Audit Module

Track and analyze tool usage, generate reports, and create reproduction scripts for RTGS Lab Tools.

CLI Usage

View Recent Activity

# Show recent tool executions
rtgs audit recent

# Show last 20 operations
rtgs audit recent --limit 20

# Show activity from last hour
rtgs audit recent --minutes 60

# Filter by specific tool
rtgs audit recent --tool-name sensing-data

Generate Audit Reports

# Generate reports for date range
rtgs audit report --start-date 2023-06-01 --end-date 2023-06-30

# Generate reports for specific tool
rtgs audit report --start-date 2023-06-01 --end-date 2023-06-30 --tool-name visualization

# Custom output directory
rtgs audit report --start-date 2023-06-01 --end-date 2023-06-30 --output-dir ./audit_reports

Create Reproduction Scripts

# Create script from curated log files
rtgs audit reproduce --logs-dir ./logs --output-file reproduce_analysis.sh

# Quick script from recent activity
rtgs audit reproduce --recent --minutes 30 --output-file recent_work.sh

Postgres Logging Control

# Check current logging status
rtgs audit postgres-logging-status

# Enable postgres logging globally
rtgs audit enable-postgres-logging

# Disable postgres logging globally
rtgs audit disable-postgres-logging

Command Options

recent:

--limit INTEGER: Maximum number of recent logs to return (default: 10)
--tool-name TEXT: Filter by specific tool name
--minutes INTEGER: Only show logs from the last N minutes

report:

--start-date TEXT: Start date in YYYY-MM-DD format (required)
--end-date TEXT: End date in YYYY-MM-DD format (required)
--tool-name TEXT: Filter by specific tool name
--output-dir TEXT: Directory to save log files (default: logs)

reproduce:

--logs-dir TEXT: Directory containing log files to process (default: logs)
--output-file TEXT: Name for the generated script file (default: reproduce_commands.sh)

Python API Usage

Import and Basic Usage

from rtgs_lab_tools.audit import recent_logs, generate_report, create_reproduction_script

# Get recent activity
logs = recent_logs(limit=20, tool_name="sensing-data")
for log in logs:
    print(f"{log['timestamp']}: {log['operation']} - {log['status']}")

# Generate audit report
report_files = generate_report(
    start_date="2023-06-01",
    end_date="2023-06-30",
    output_dir="./audit_reports"
)
print(f"Generated {len(report_files)} report files")

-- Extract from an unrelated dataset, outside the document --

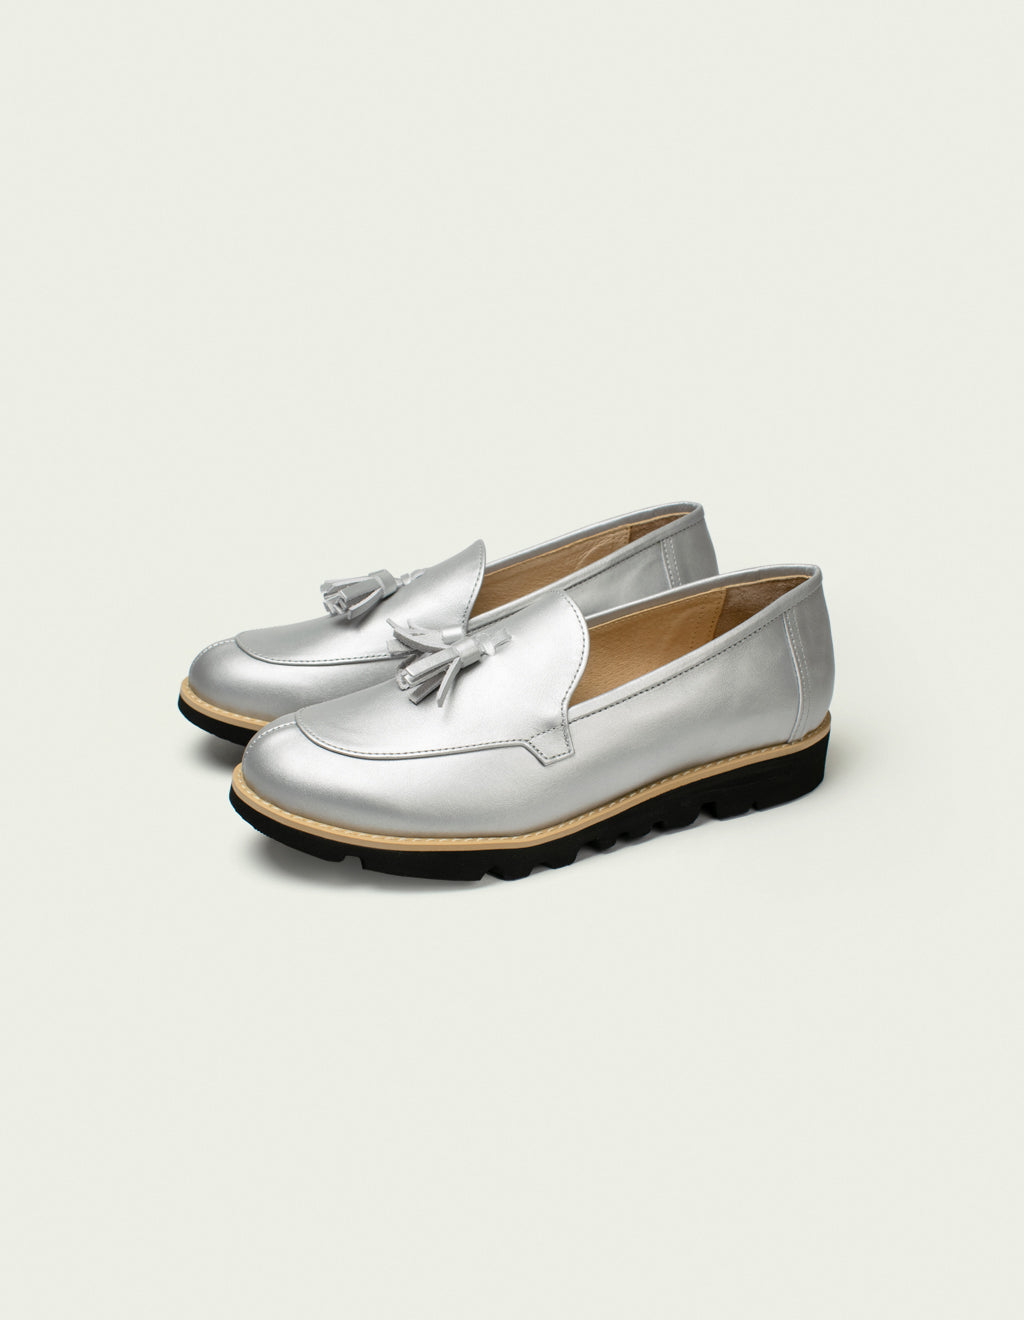 【 materi 】 a-02 | Leather Shoes | Silver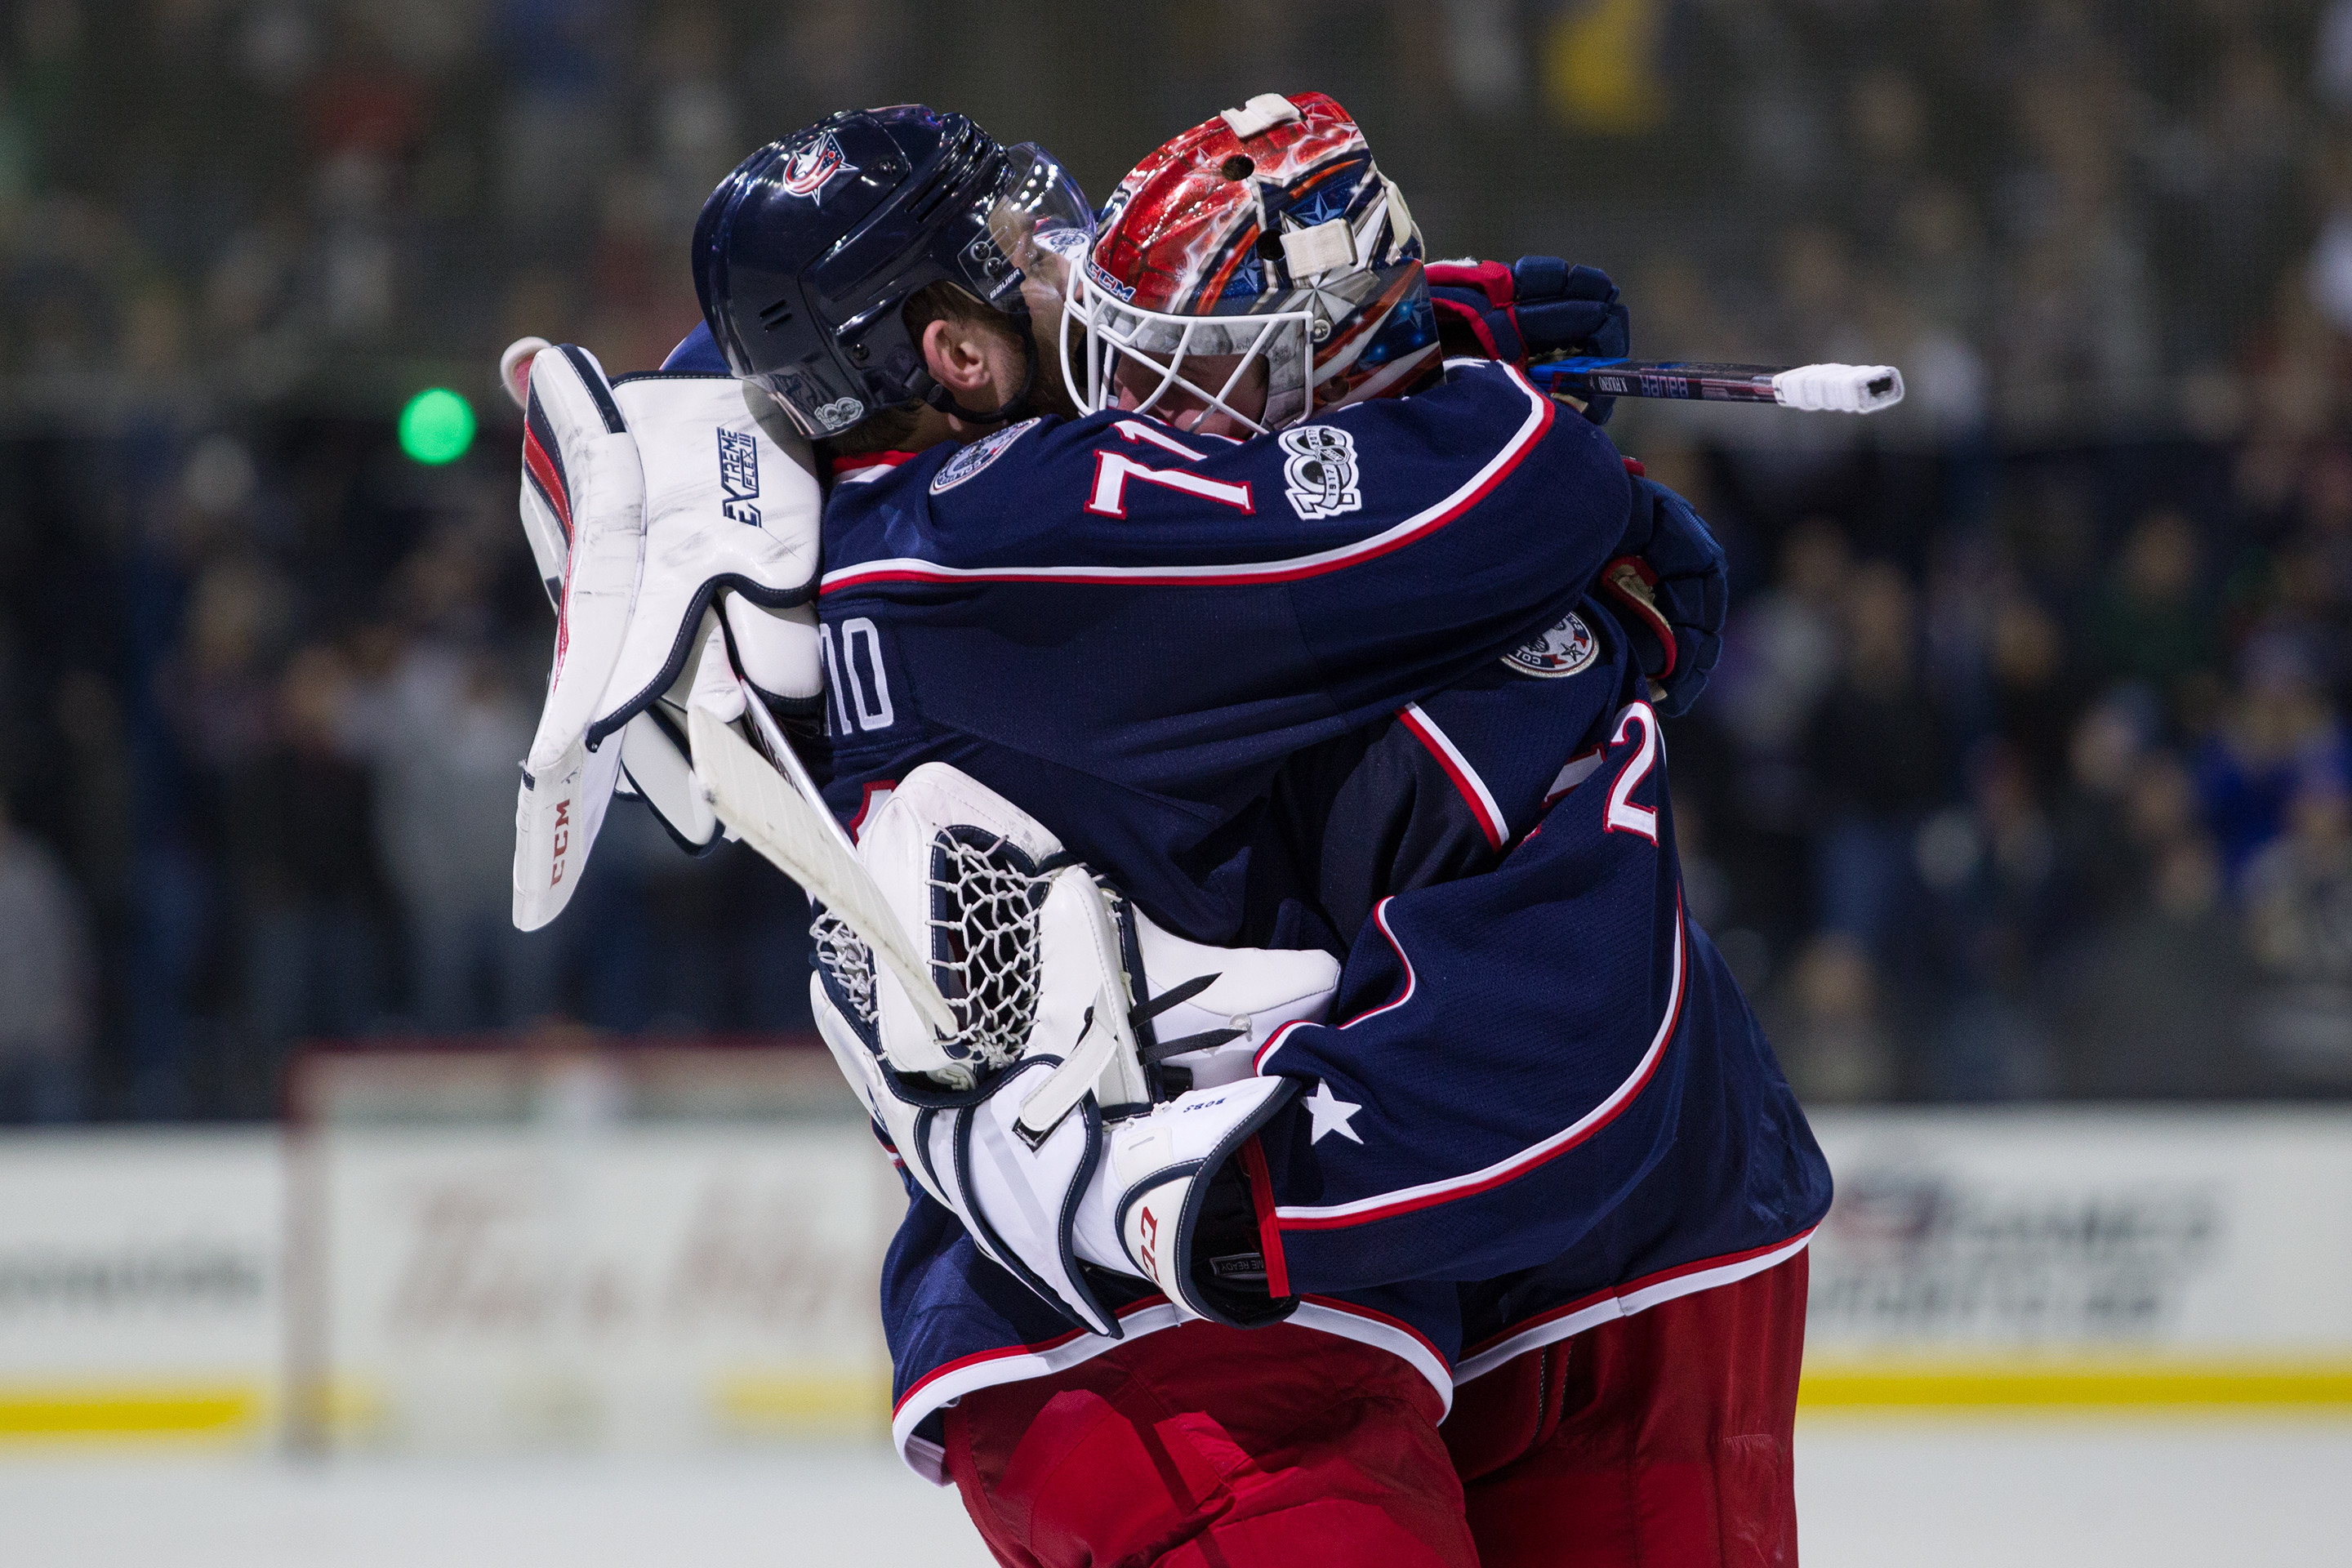 Sports in Brief: Blue Jackets sign Bobrovsky for two more years

# Create reproduction script
script_info = create_reproduction_script(
    logs_dir="./audit_reports",
    output_file="reproduce_june_analysis.sh"
)
print(f"Created reproduction script: {script_info['script_path']}")

Advanced Audit Analysis

from rtgs_lab_tools.audit.audit_service import AuditService
import pandas as pd

# Initialize audit service
audit = AuditService()

# Get detailed audit data
audit_data = audit.get_audit_logs(
    start_date="2023-06-01",
    end_date="2023-06-30",
    include_details=True
)

# Convert to DataFrame for analysis
df = pd.DataFrame(audit_data)

# Analyze tool usage patterns
tool_usage = df.groupby('tool_name').agg({
    'operation_id': 'count',
    'duration_seconds': ['mean', 'sum'],
    'success': 'mean'
}).round(2)

print("Tool Usage Statistics:")
print(tool_usage)

# Find most active days
daily_activity = df.groupby(df['timestamp'].dt.date).size()
print(f"\nMost active day: {daily_activity.idxmax()} ({daily_activity.max()} operations)")

Custom Report Generation

from rtgs_lab_tools.audit.report_service import ReportService
from datetime import datetime, timedelta

# Initialize report service
reporter = ReportService()

# Generate weekly reports
end_date = datetime.now()
start_date = end_date - timedelta(weeks=4)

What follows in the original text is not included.